An Implicit Physical Face Model Driven by Expression and Style

Lingchen Yang,Gaspard Zoss,Prashanth Chandran,Paulo Gotardo,Markus Gross,Barbara Solenthaler,Eftychios Sifakis,Derek Bradley
DOI: https://doi.org/10.1145/3610548.3618156
2024-01-27
Abstract:3D facial animation is often produced by manipulating facial deformation models (or rigs), that are traditionally parameterized by expression controls. A key component that is usually overlooked is expression 'style', as in, how a particular expression is performed. Although it is common to define a semantic basis of expressions that characters can perform, most characters perform each expression in their own style. To date, style is usually entangled with the expression, and it is not possible to transfer the style of one character to another when considering facial animation. We present a new face model, based on a data-driven implicit neural physics model, that can be driven by both expression and style separately.

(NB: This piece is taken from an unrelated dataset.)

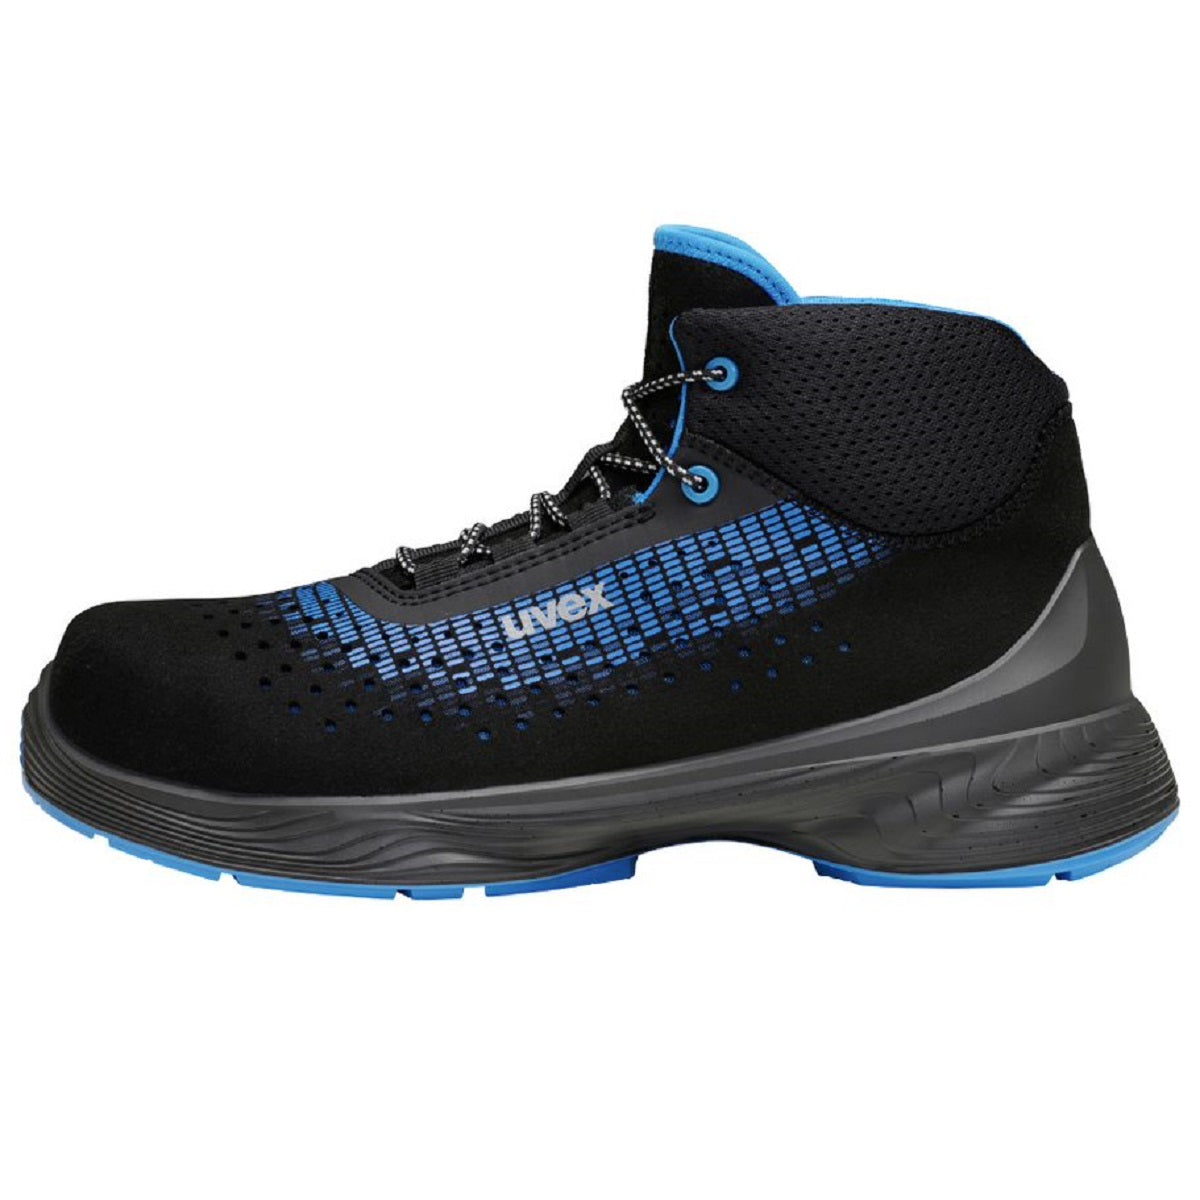 uvex 1 68381 G2 safety boots. Black Blue perforated microsuede ESD 100% Non-metal, metal-free, composite toe-cap. Comfortable uvex boots best deal at protexU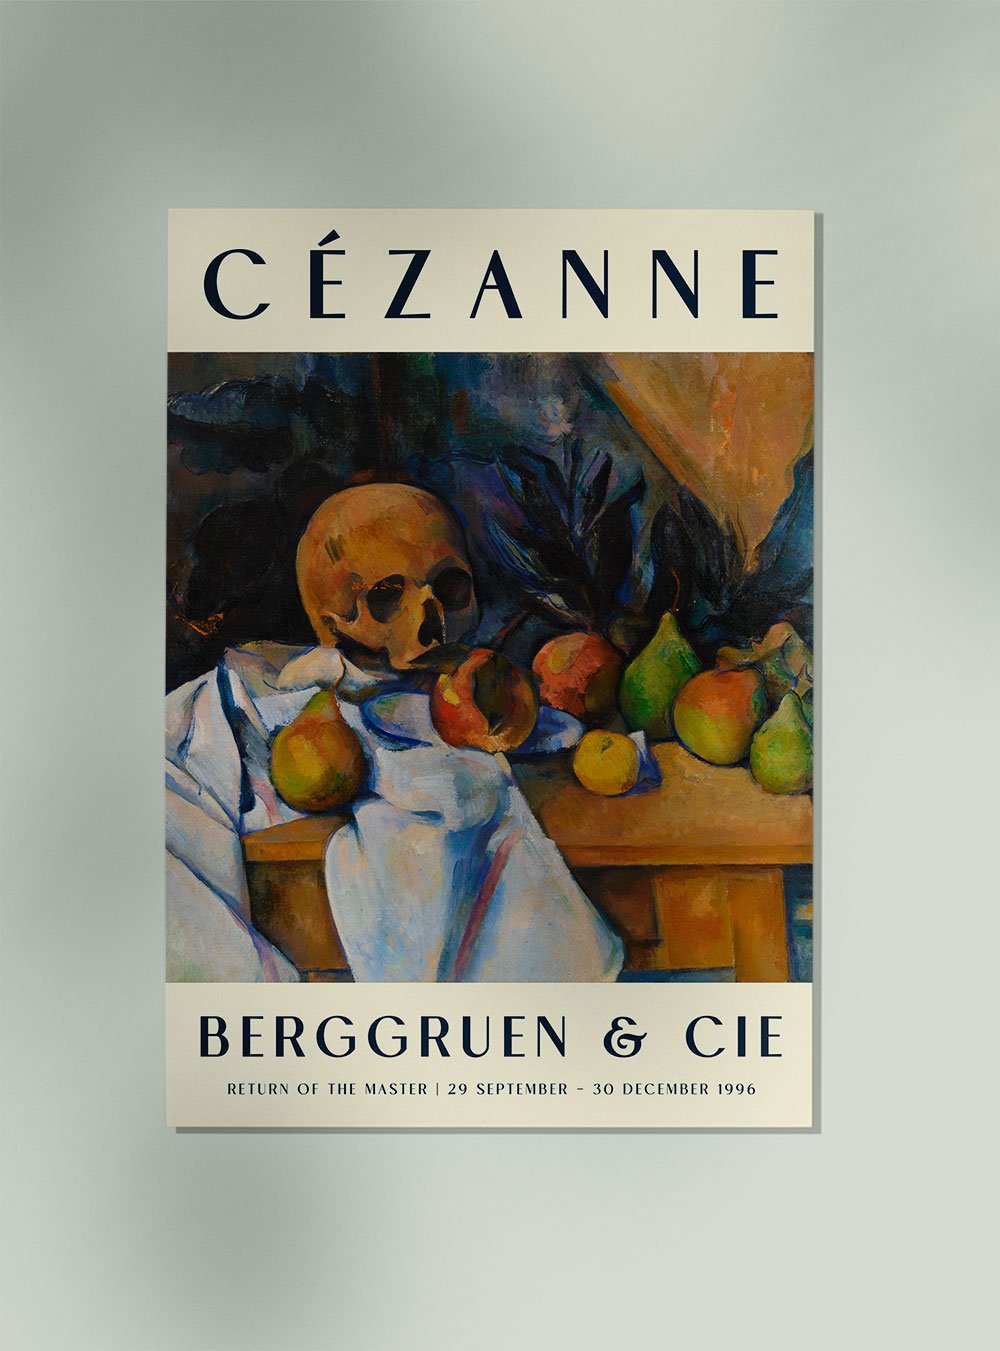 Cézanne Still Life with Skull Art Exhibition Poster

At the core, we present a framework for learning implicit physics-based actuations for multiple subjects simultaneously, trained on a few arbitrary performance capture sequences from a small set of identities. Once trained, our method allows generalized physics-based facial animation for any of the trained identities, extending to unseen performances. Furthermore, it grants control over the animation style, enabling style transfer from one character to another or blending styles of different characters. Lastly, as a physics-based model, it is capable of synthesizing physical effects, such as collision handling, setting our method apart from conventional approaches.
Computer Vision and Pattern Recognition,Graphics
What problem does this paper attempt to address?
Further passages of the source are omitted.